Threshold Map for NSAA Items in ranked order of difficulty according to Rasch analysis. (“Gowers” = adapted method of getting up from floor when muscles are weak)

Next, we wanted to examine the match between the range of ambulatory function measured by the NSAA and the range of ambulation measured in the sample of children. Figure 2.3 shows the adequate targeting between the distribution of person measurements (upper histogram) and the distribution of item locations (lower histogram). This analysis informs us as to how suitable the sample is for evaluating the NSAA and how suitable it is for measuring the sample. This is often called targeting and better targeting means the scale is working well independent of the sample, as well as working for the sample tested.

Fig. 2.3
A set of two bar graphs titled person item threshold distribution plots frequency versus location. Above, the bar is upright high around 18 persons and below, inversely high at items above 5.

Person-item location distribution

Traditionally, we understand this as a floor and ceiling effect; Rasch analysis allows us to also examine the spread of items. This allows us to ask questions such as “Are there some children we are not measuring well?” (gaps in the scale) or are there some levels we are over assessing (bunching of items)? For the NSAA there is small ceiling and as the disease is progressive there will be a floor as boys and young men lose ambulation. Clinicians will immediately recognize this as appropriate for a sample and can use their clinical knowledge to suggest additional items to bridge gaps in the current scale, to reduce any ceiling or floor effects, or suggest items to remove, as they measure the same level of ability. For instance, the cluster of items at about 1 logit on the horizontal scale relates to the box step items, some of which may justifiably be removed from a scale that aims to measure level of ability only.

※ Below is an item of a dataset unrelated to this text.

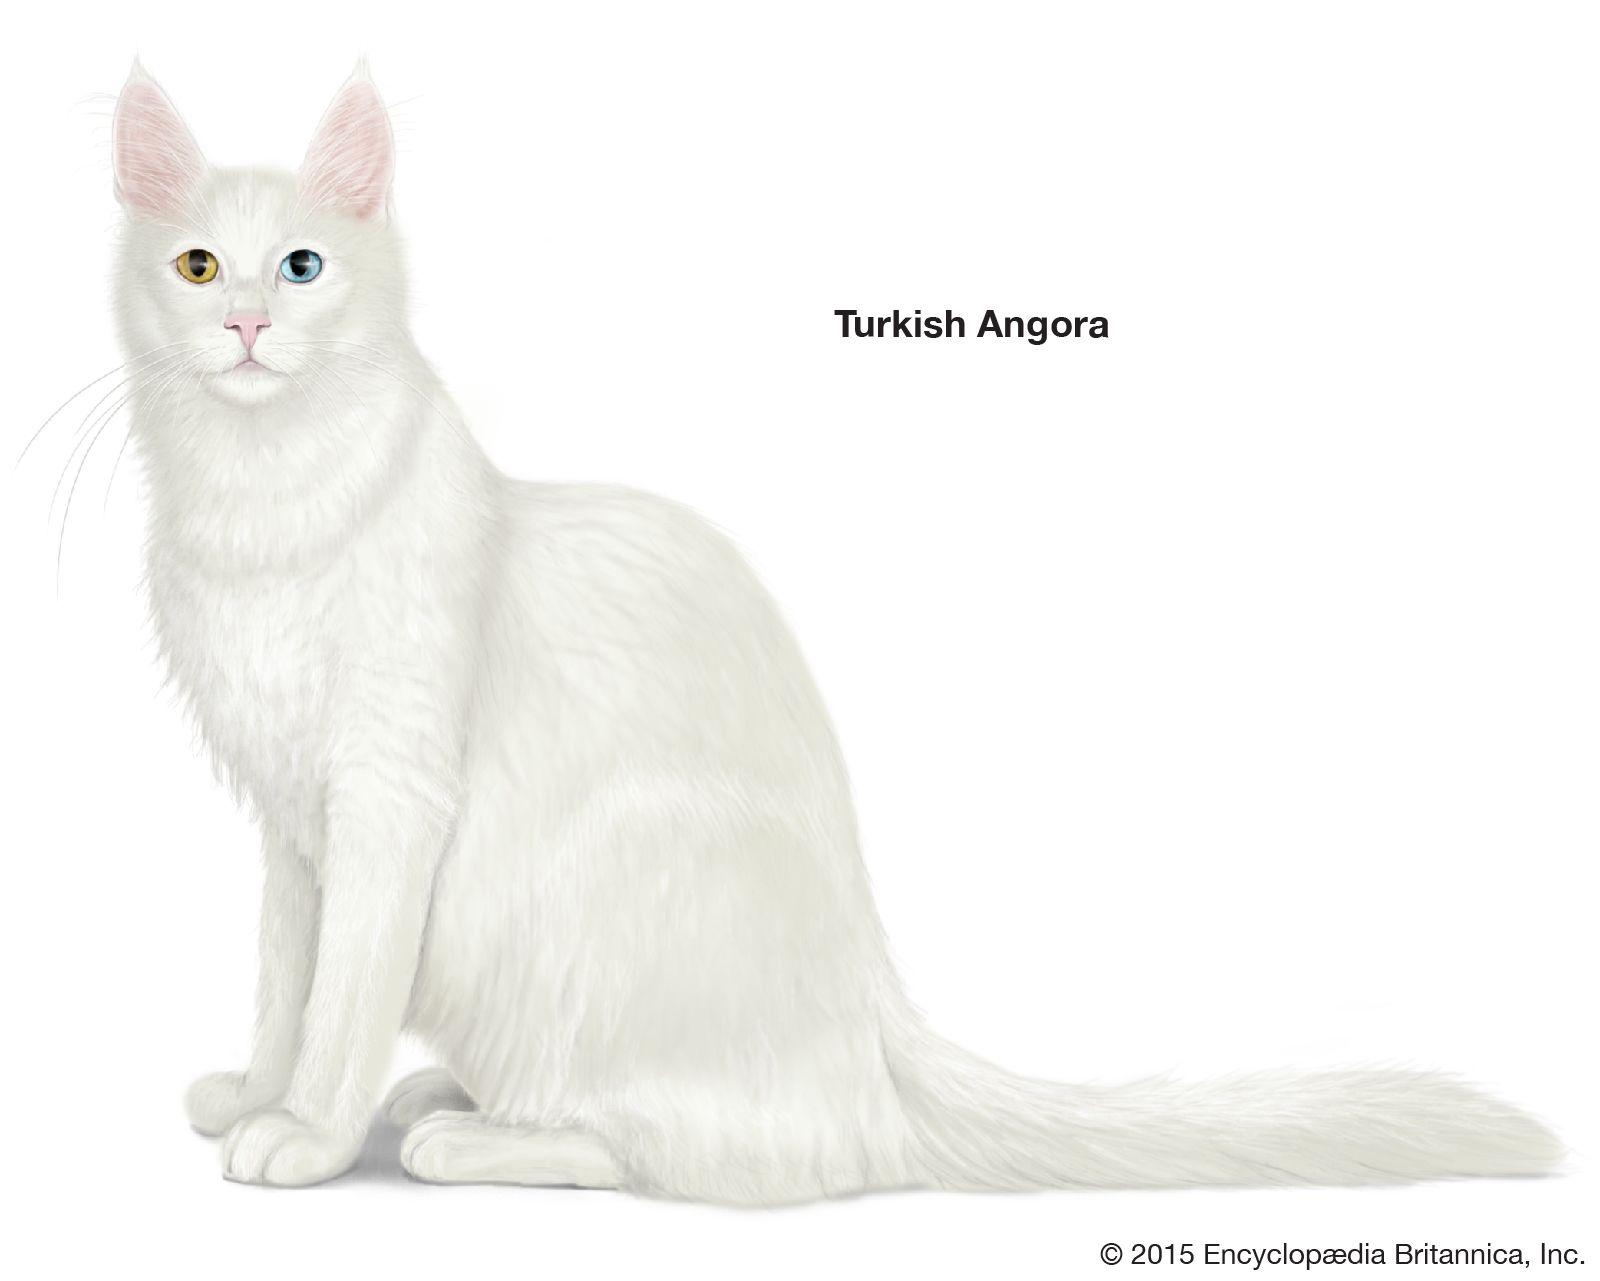 cat   E AZVM - Carnivora - Feliformia - Felidae - 'Lesser

Next, we examined the items of the NSAA to see if they worked together (fit) cohesively. If they are measuring more than one thing, some items would be inappropriate to the overall interpretation of the ratings and to considering the total score as a basis for the measurement of ambulatory motor function. When items do not work together (misfit) in this way, the validity of a scale is questioned. The methods for examining this using Rasch methods are four-fold and it is best to interpret all four tests together in the context of your clinical experience, including:

  1. 1.

    Fit residuals (log residuals – which should be between the range of + − 2.5, depending on sample size and test length);

  2. 2.

    x2 values (item–trait interaction) – which need to be numerically similar to each other;

  3. 3.

    t-test for unidimensionality – a standard test of whether the scale measures one thing or not; and

  4. 4.

    item characteristic curves – which tell you about whether the way an item works in real life is as the model predicts.

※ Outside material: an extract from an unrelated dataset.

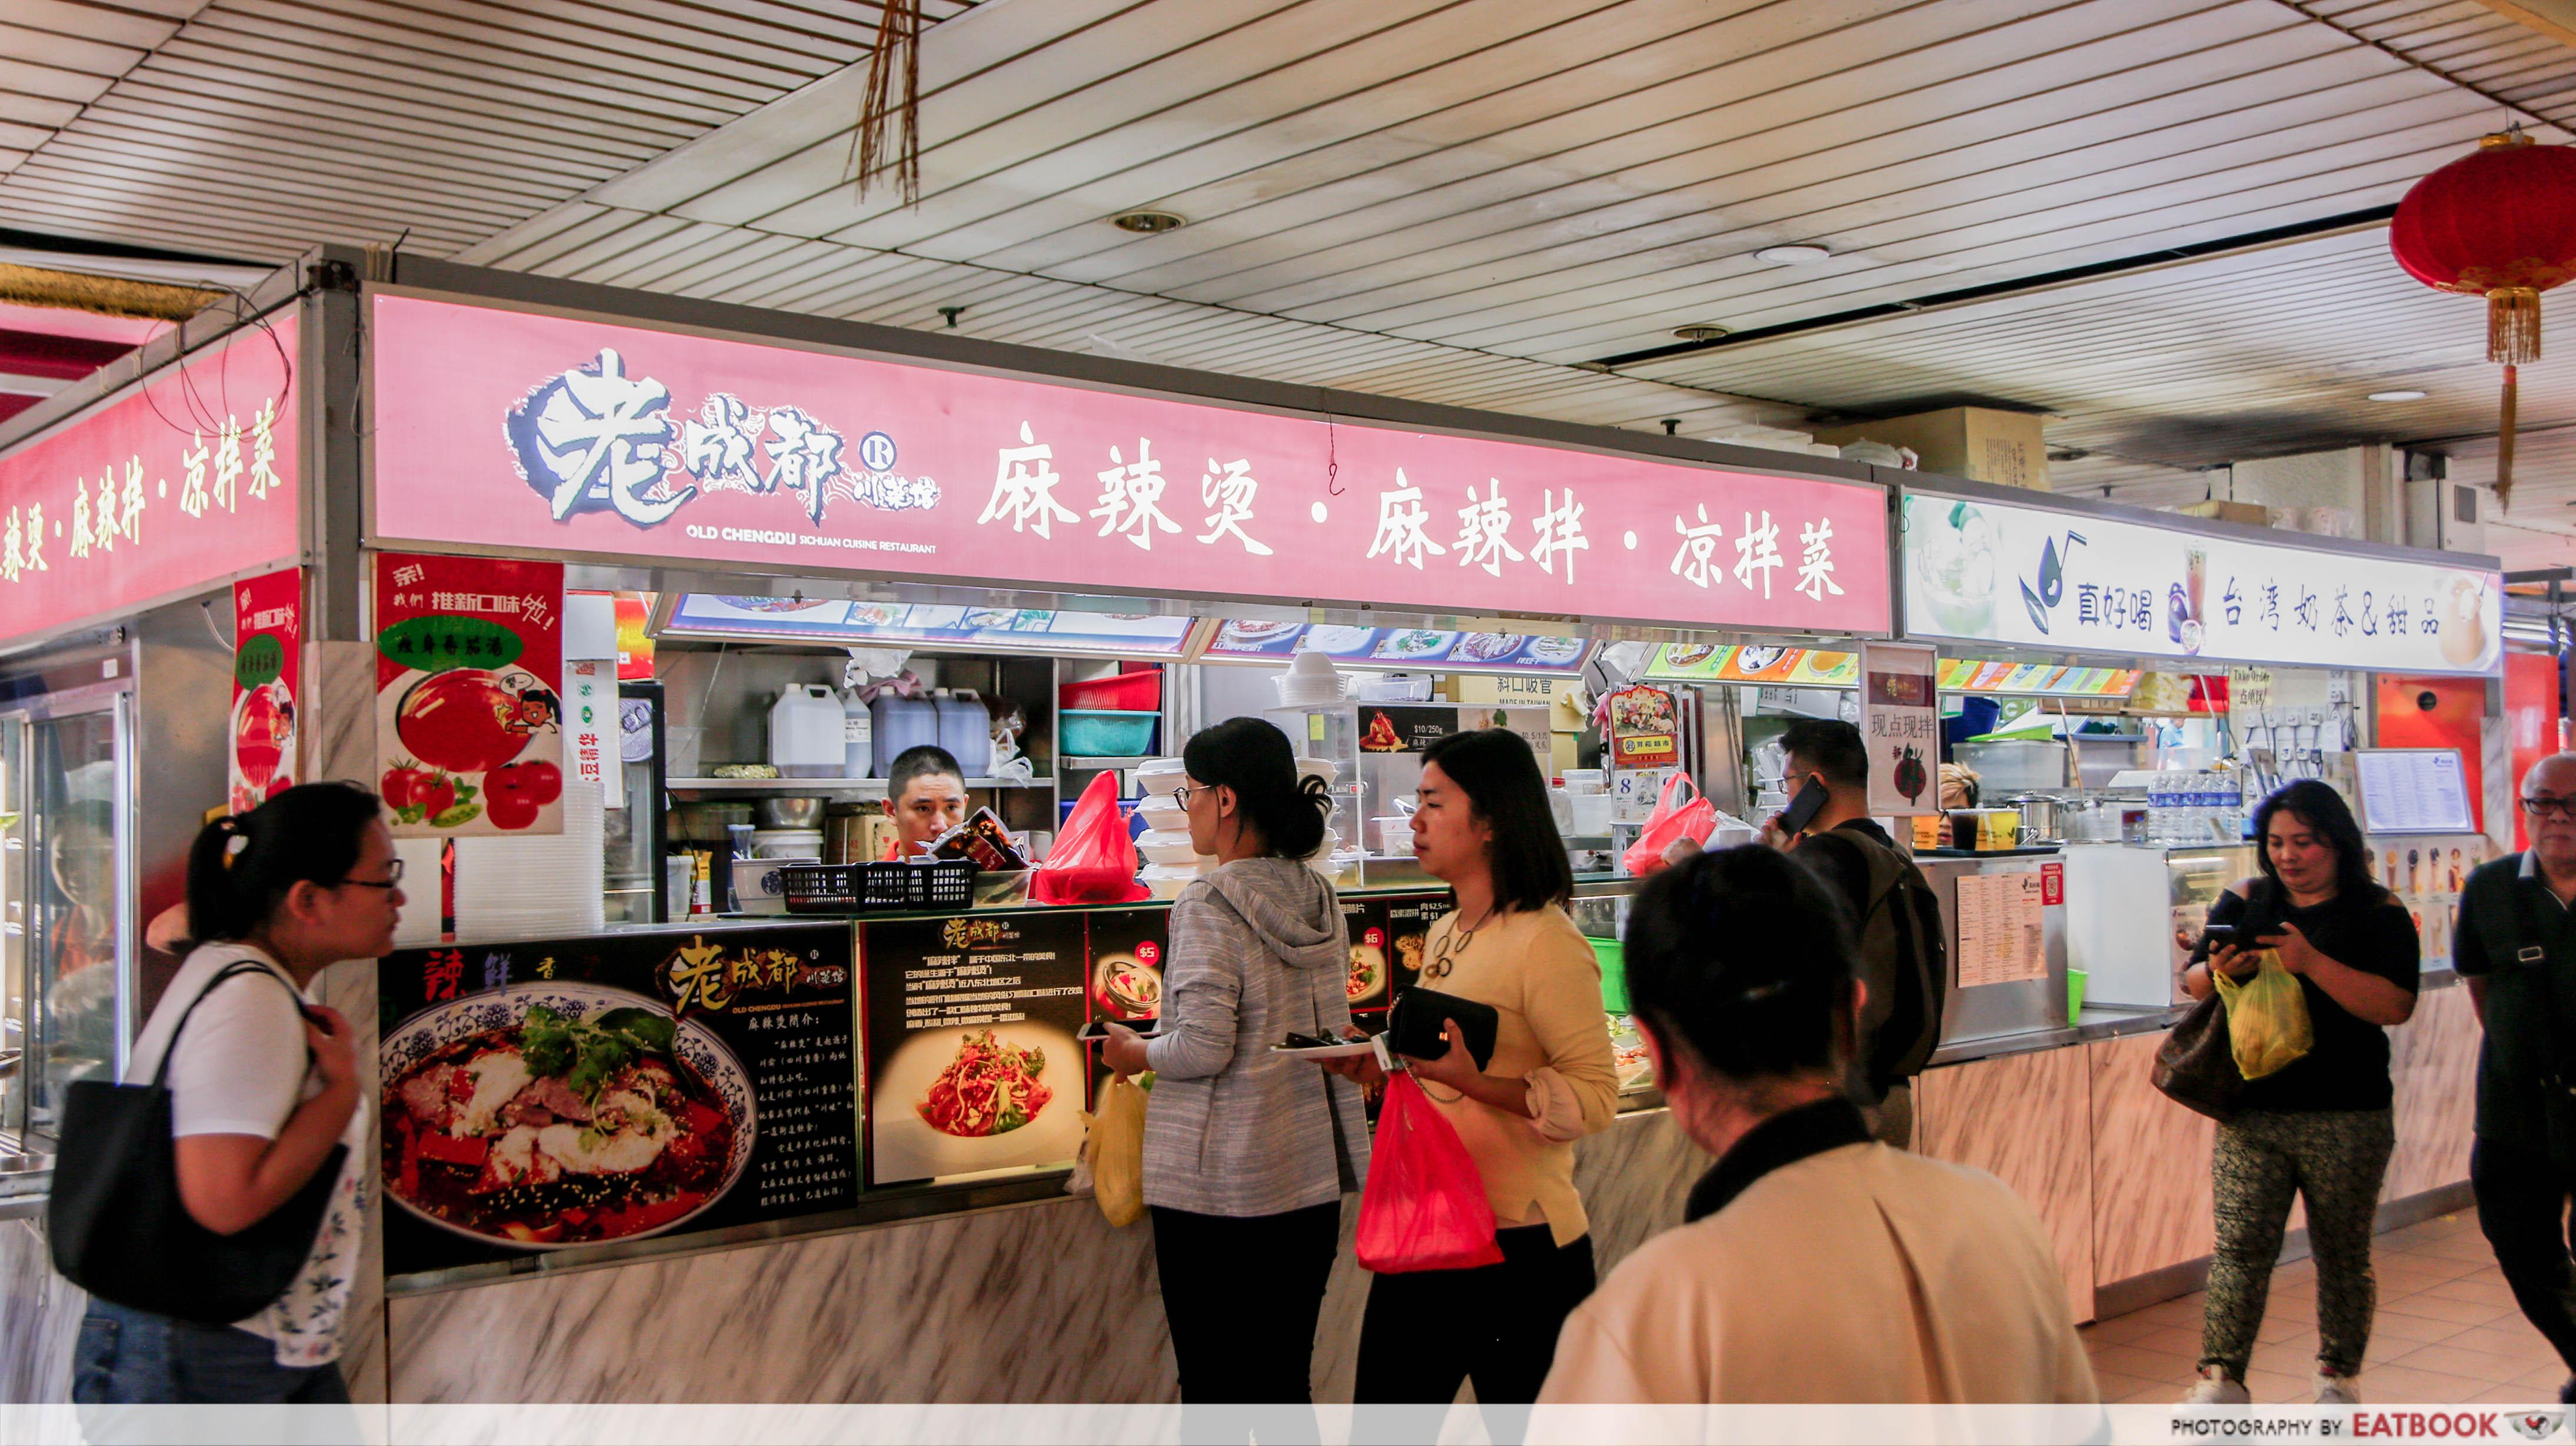 old chengdu - shopfront

For this measure of fit let us use the NSAA again as an example of how a clinician’s experience can assist interpretation and steps taken. For fit residuals three items misfit but two of these only slightly (climb and second box step right leg first). One item however showed significant misfit: lifts head in supine position. This inconsistency makes clinical sense. It is a motor task impacted by DMD, and so it was included in the original scale because performance often improved when steroids were started. That is, it was originally included even though it does not directly relate to ambulatory function. As the inconsistency of the ratings for the “lifts head” item makes clinical sense and this result was reflected in other measures of fit, such as the item characteristic curve (the item did not change in the same way as other items did as the disease progressed), and the x2 values (high compared to other values), it was decided that in the linearized scale (where the ordinal level data is converted to interval level measurement) that “lifts head” would be removed from the total score prior to transformation. This decision was also approved by clinicians as clinically sensible.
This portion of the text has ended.